__Dataset excerpt__
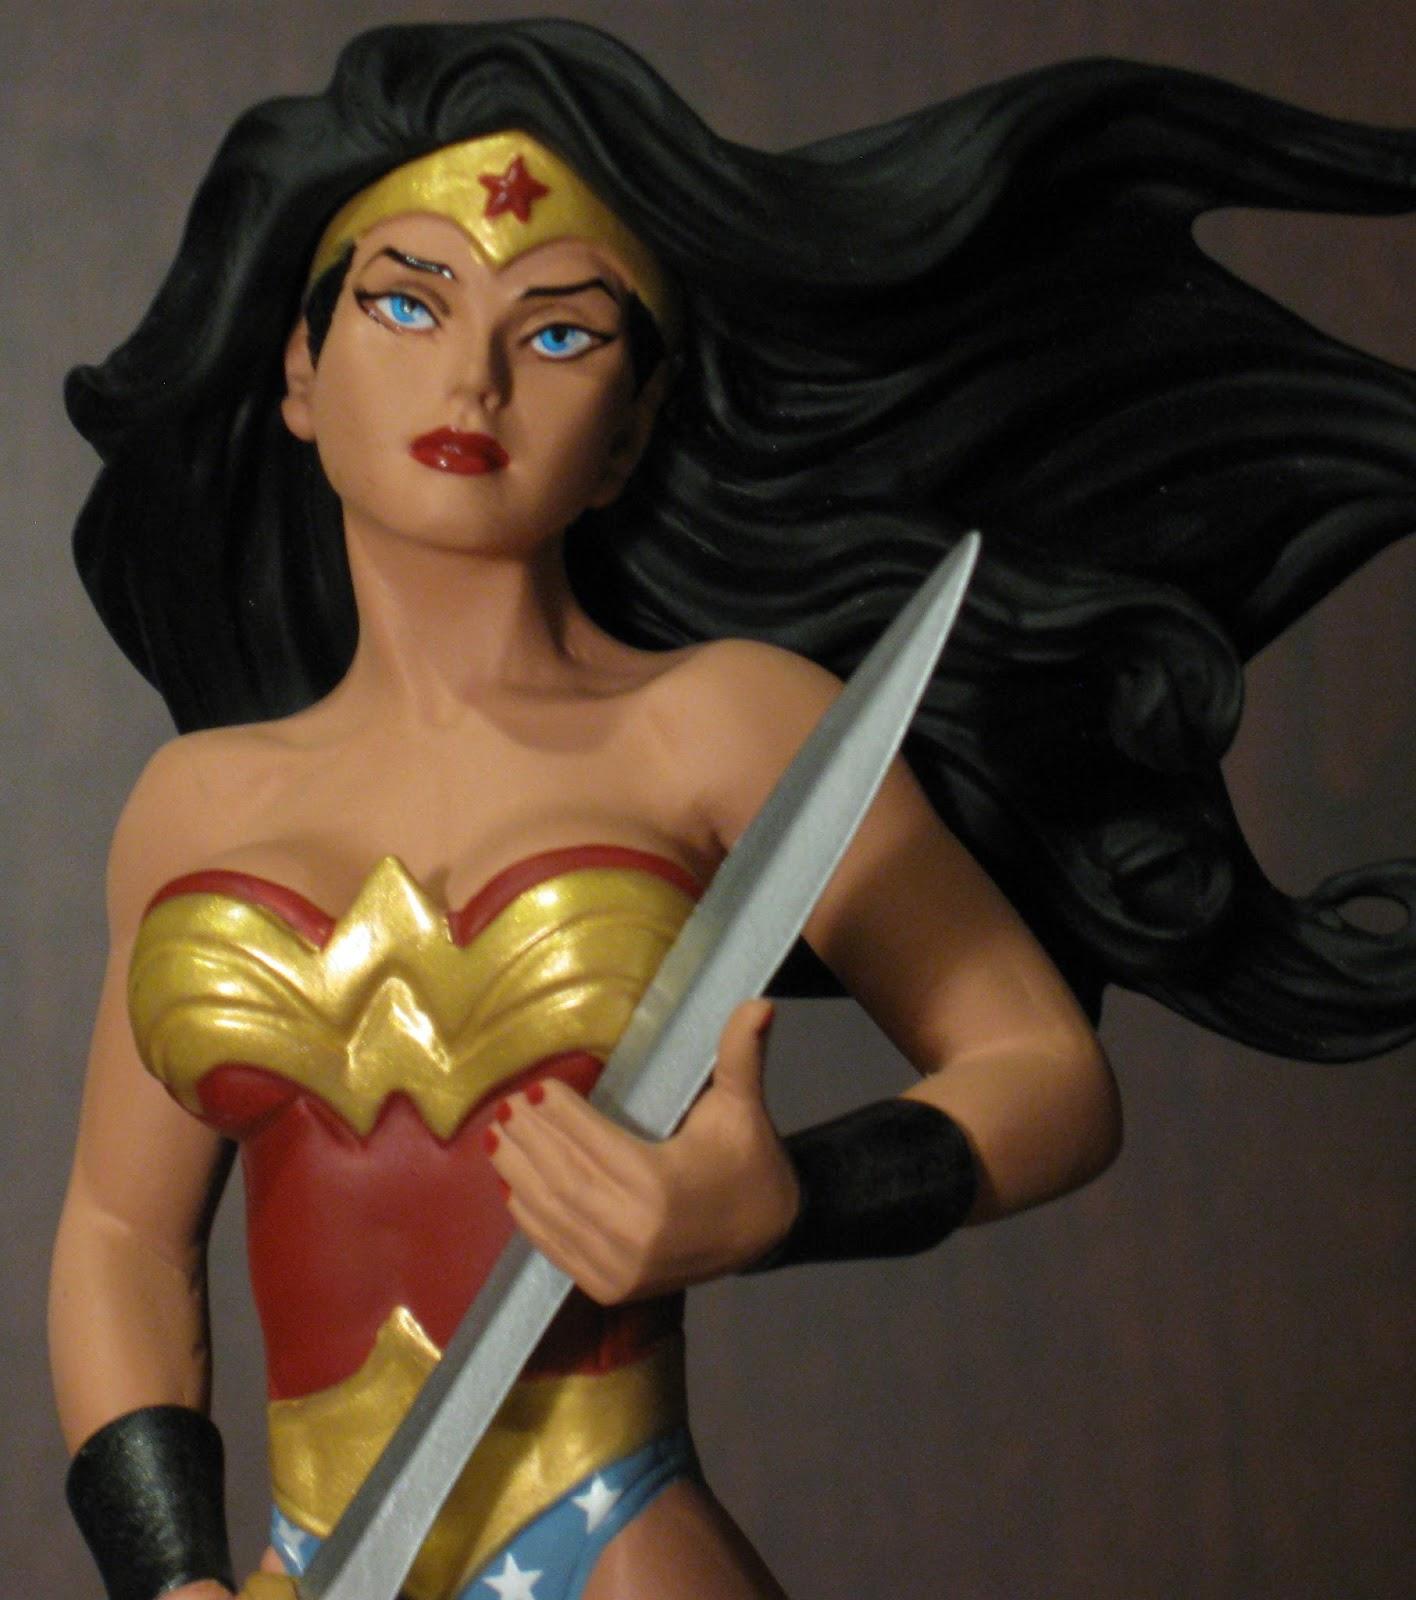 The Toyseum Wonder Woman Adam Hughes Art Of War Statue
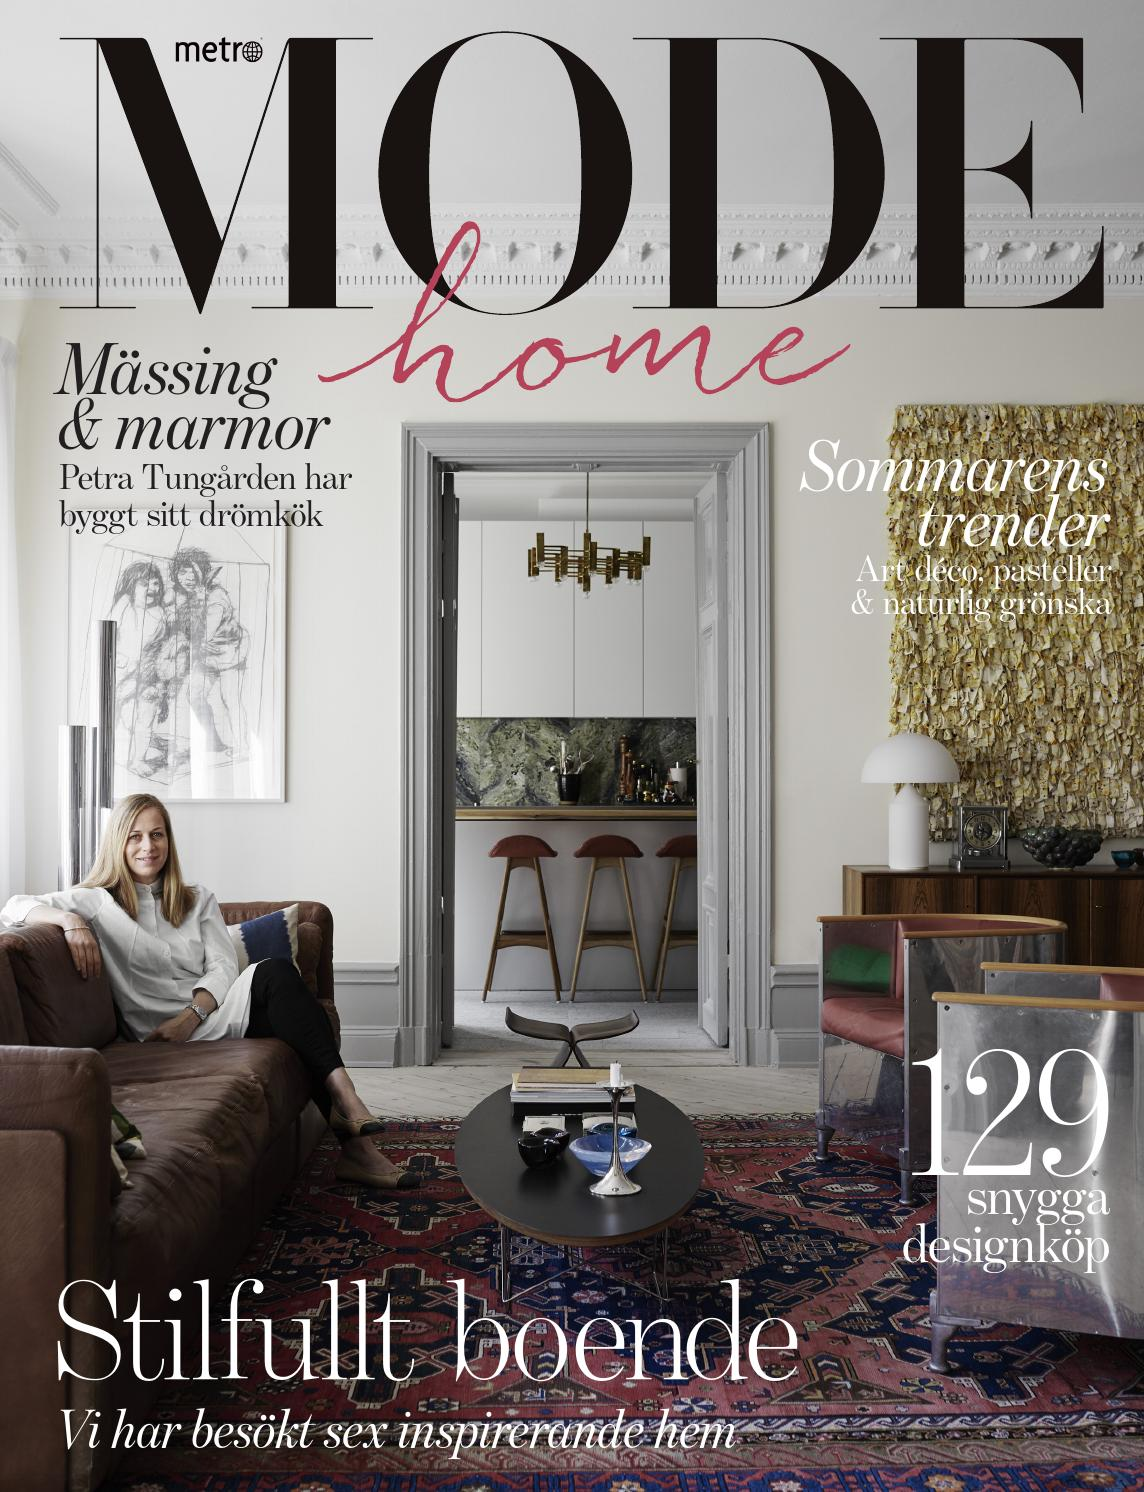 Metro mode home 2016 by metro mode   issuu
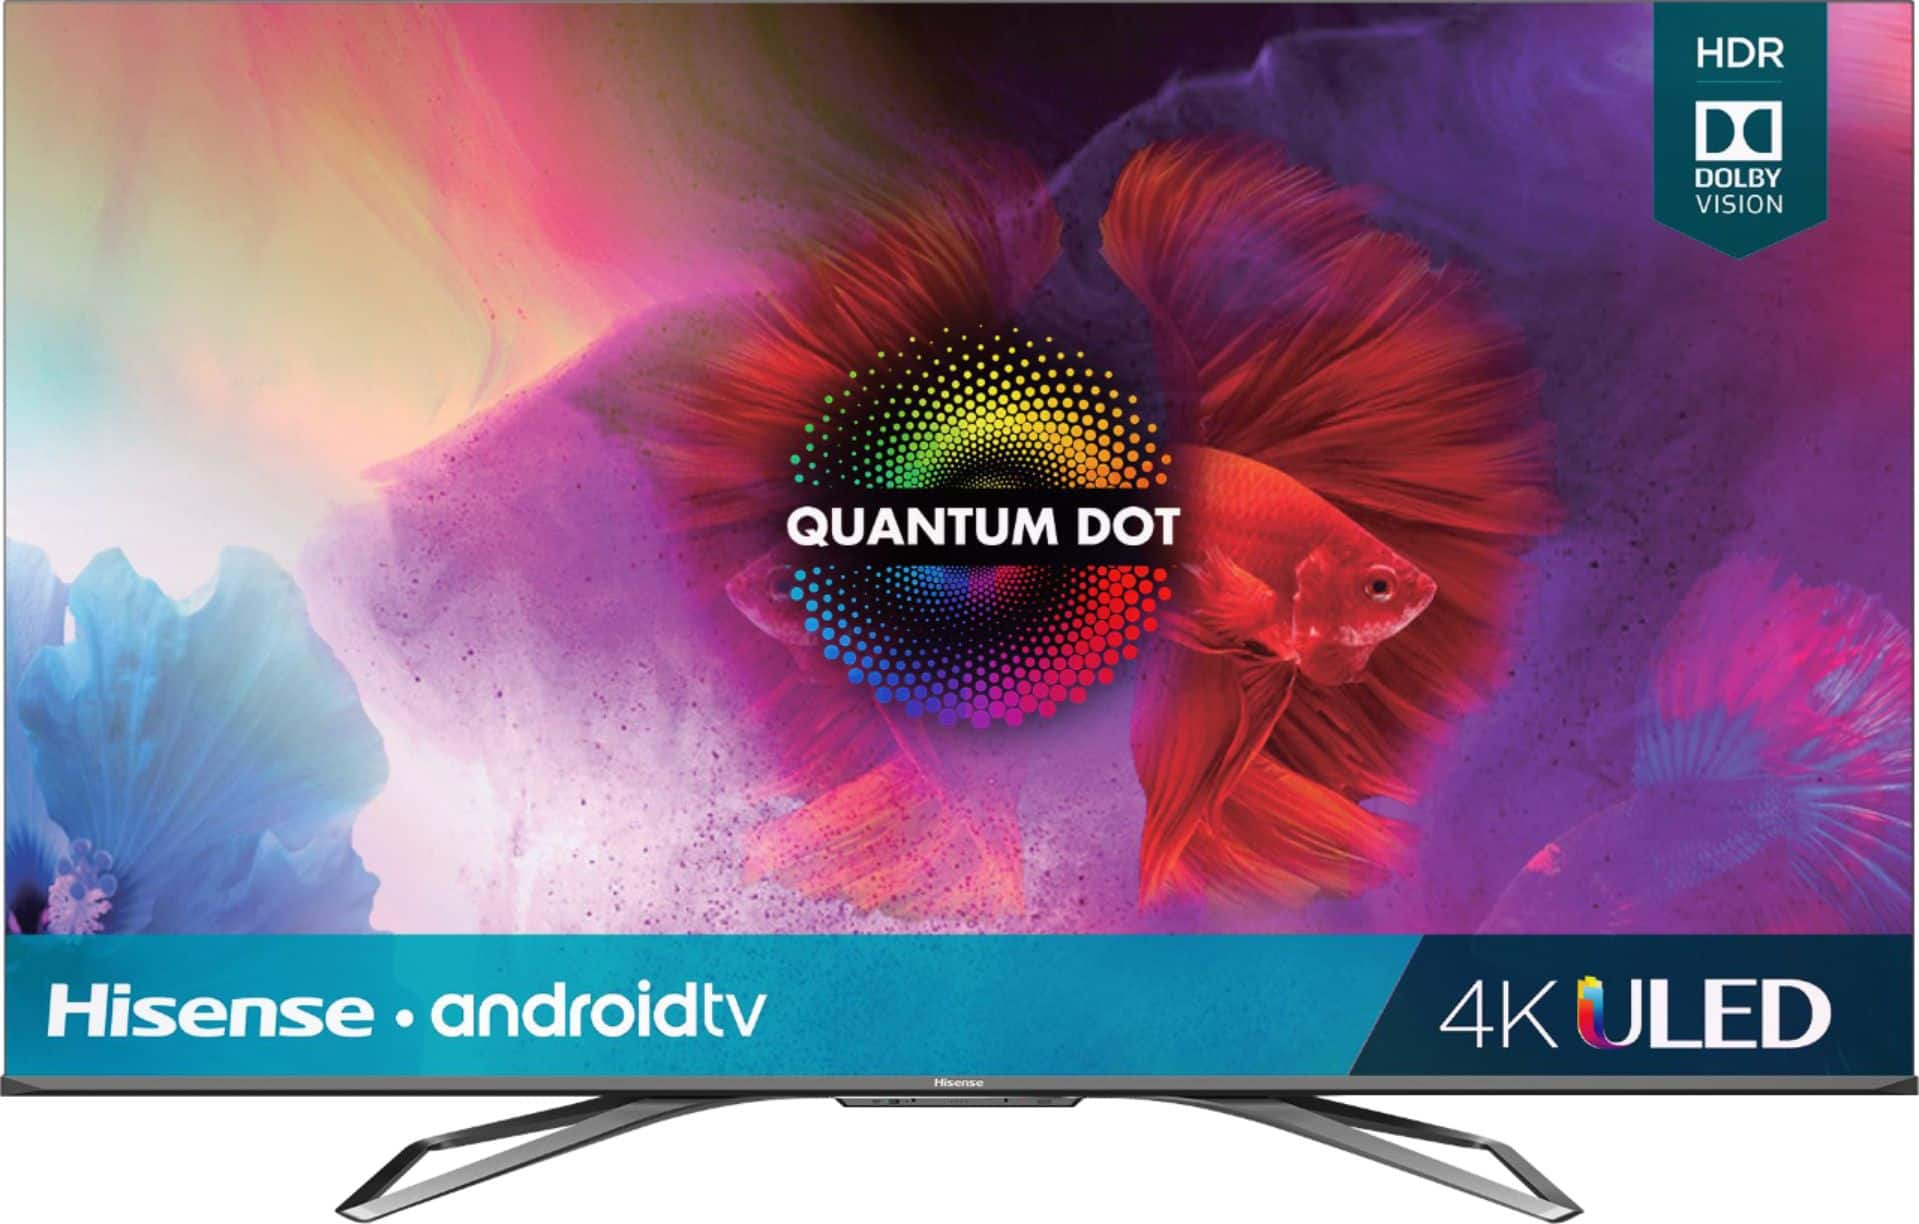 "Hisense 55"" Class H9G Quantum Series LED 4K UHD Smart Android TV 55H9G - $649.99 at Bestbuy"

__Exercise goal__
Working from the material above, transcribe it exactly while omitting pictures.

__Task response__
 The Toyseum Wonder Woman Adam Hughes Art Of War Statue
 Metro mode home 2016 by metro mode   issuu
 "Hisense 55"" Class H9G Quantum Series LED 4K UHD Smart Android TV 55H9G - $649.99 at Bestbuy"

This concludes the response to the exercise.